Except… well, except for the fact that Jane and Winter aren’t the only queer women in the narrative. Winter doesn’t know what has become of Jane, grieves for her, throws herself into her work as a senior officer in the army Janus has set on the march towards the seat of the Sworn Church. But time passes, and Winter, not the only queer woman in the army (nor the only one shown in a relationship, although the others might only be there if you’re looking for them), eventually finds something more than friendship with one of the other officers. She reflects, in Jane’s absence, that neither she nor Jane were the same people during the events of The Price of Valour as those who first fell in love as adolescents. And realises that the first woman she loved doesn’t have to be the last.

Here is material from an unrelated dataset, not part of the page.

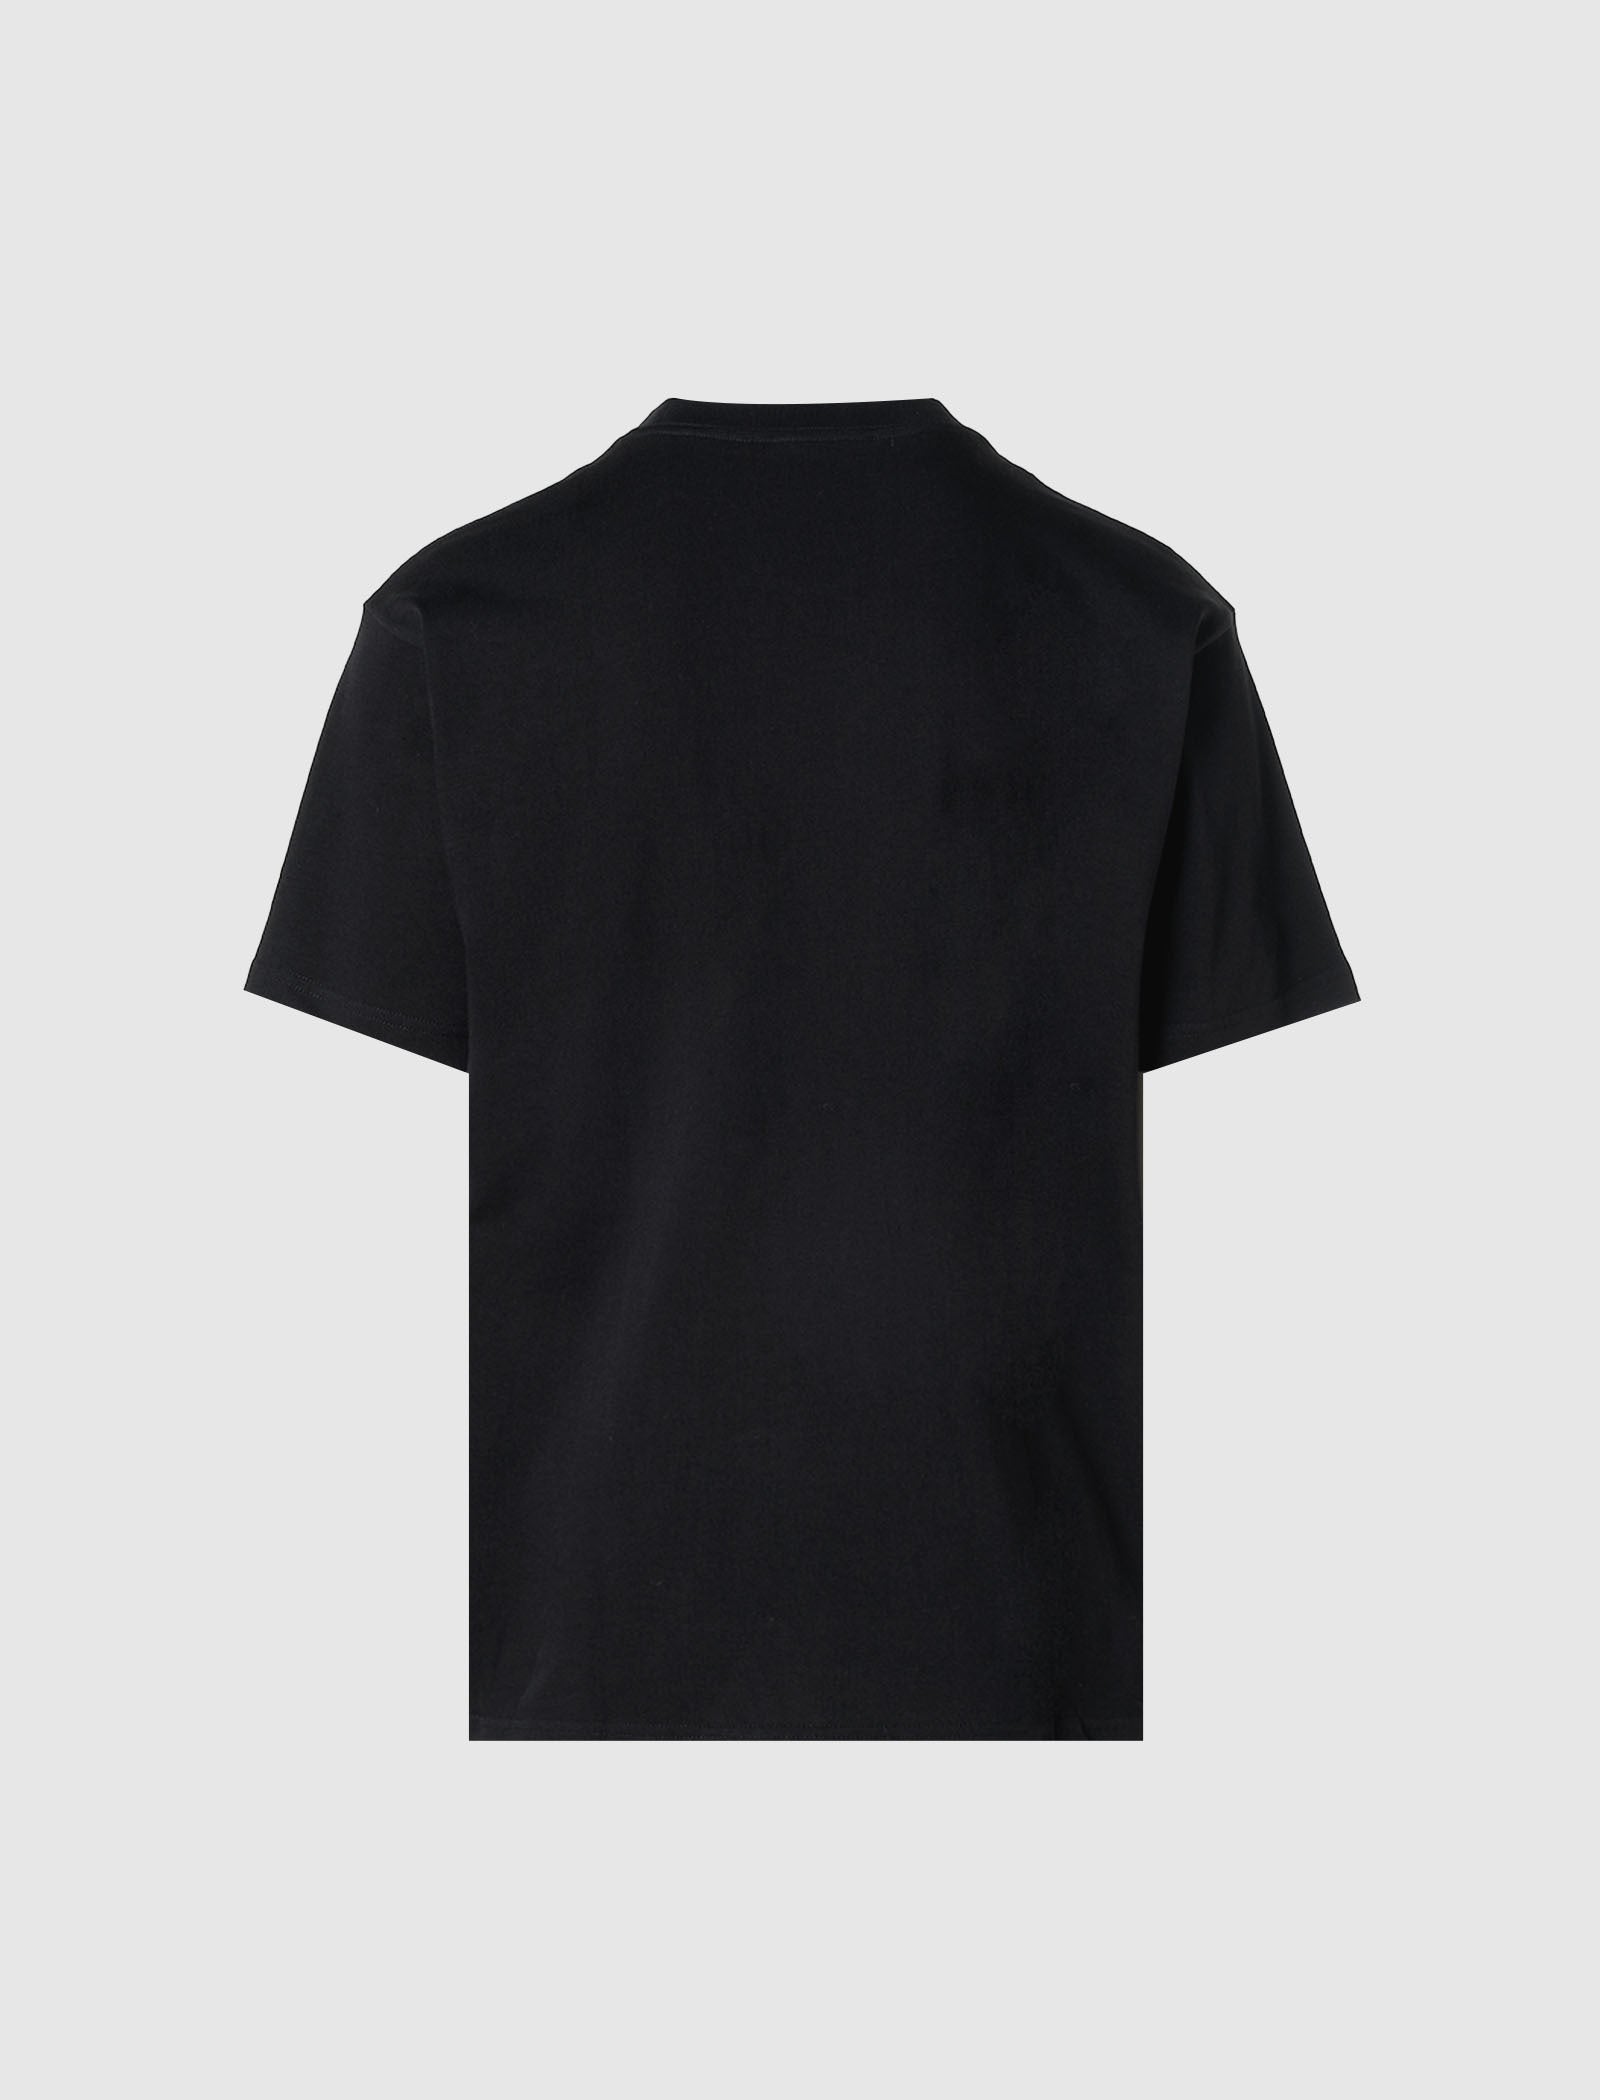 HOMME+ Contrast Stitch Short Sleeve Shirt Black
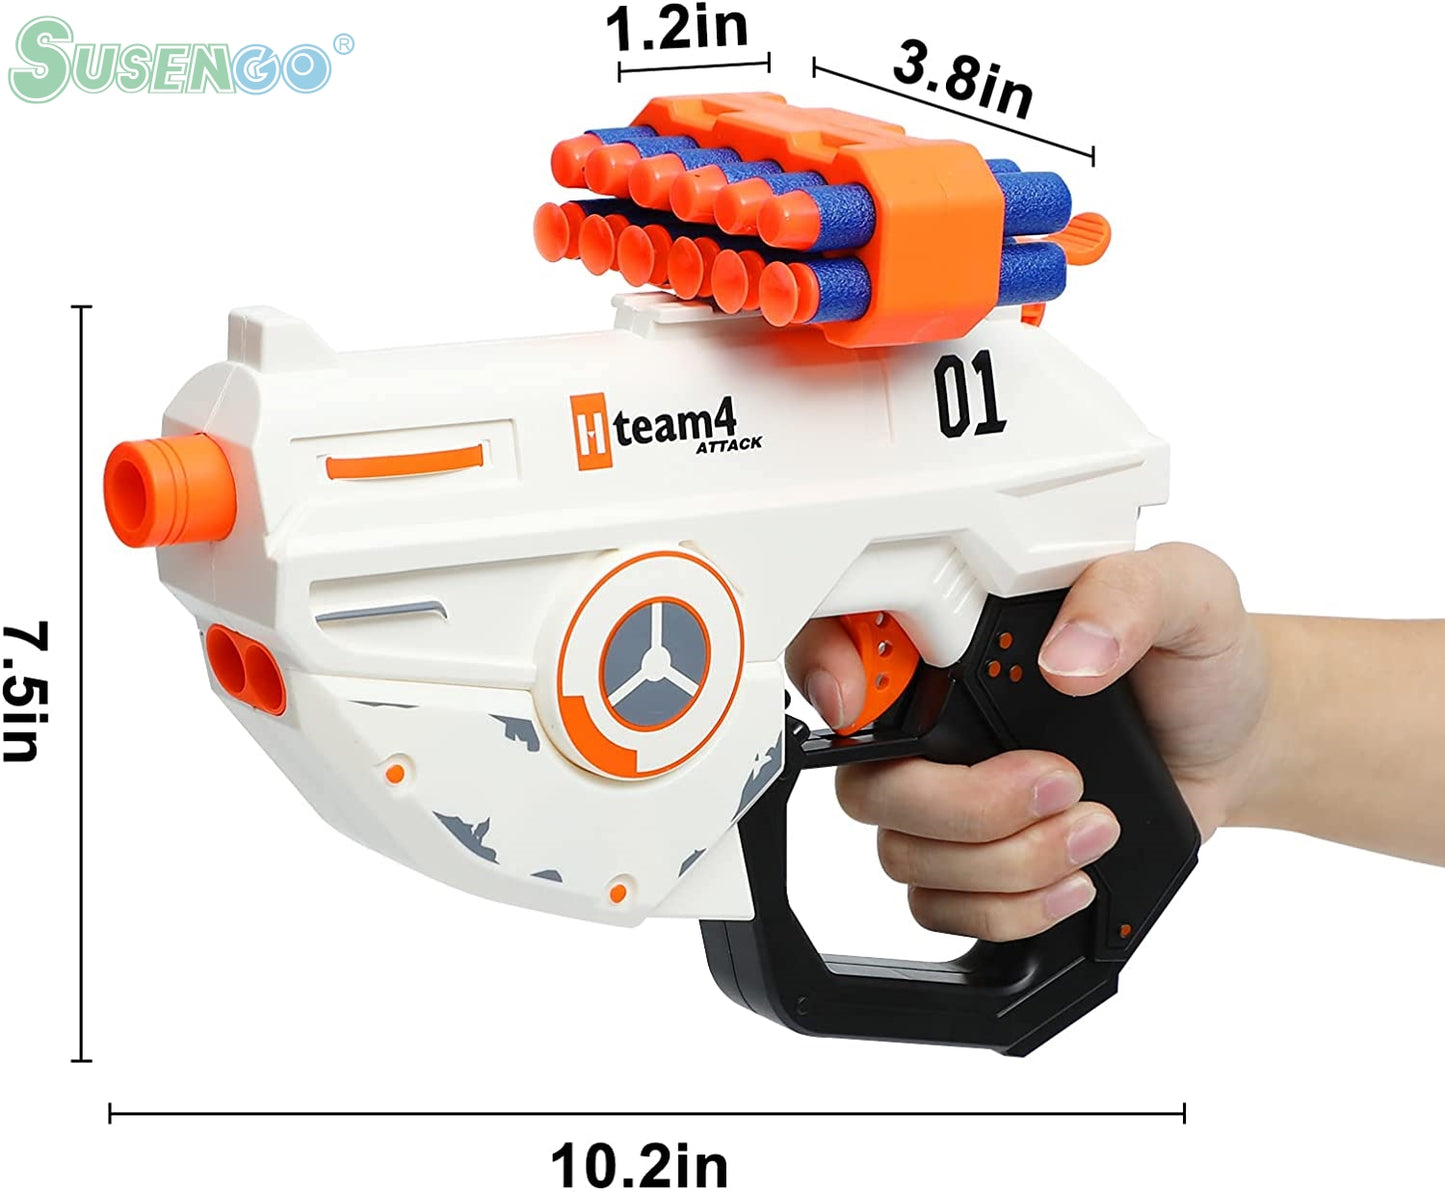 SUSENGO Toy pistols Mini Pistol

Even in fantasy novels that have queer women being front and centre and engaged in queer relationships, it’s a bit like Highlander. When the dust clears, there can only be one. But in The Guns of Empire, that’s not the case. And that still feels like a bloody radical decision to me, especially when Wexler is writing the kind of epic fantasy—epic fantasy revolving around military campaigns—that in many other hands would have relegated queer characters (and female characters) to the margins, if there.

It subverts, interrogates, or outright inverts a good few tropes associated with epic fantasy, and with gender roles. Marcus d’Ivoire, the most prominent male point-of-view character, is not a genius general or a particularly gifted fighter; he doesn’t have magical talents or immense charisma. He’s the guy who’s really good at getting logistics sorted. He’s loyal and steady, methodical and fundamentally decent, and falls in love with a woman who outclasses him socially and intellectually—both things he’s aware of, neither of which he resents.

Meanwhile, this is the fourth book of a five-book series, and while magic has been a part of the background since the beginning, Wexler has never done the epic fantasy thing of presenting his characters with an existential threat. There haven’t been any potentially world-ending problems… until the latter part of this volume. Now, as a result of the war between Vordan and the Sworn Church, the Priests of the Black have let their fear overcome what remains of their good sense, and they’ve let something terrible loose on the world.

This isn’t an approach I’ve seen taken before. I wonder if Wexler can stick the dismount. I’m hoping he does, because so far this series has hit all my buttons. And I really want to see what happens next.

The Guns of Empire is available now from Roc.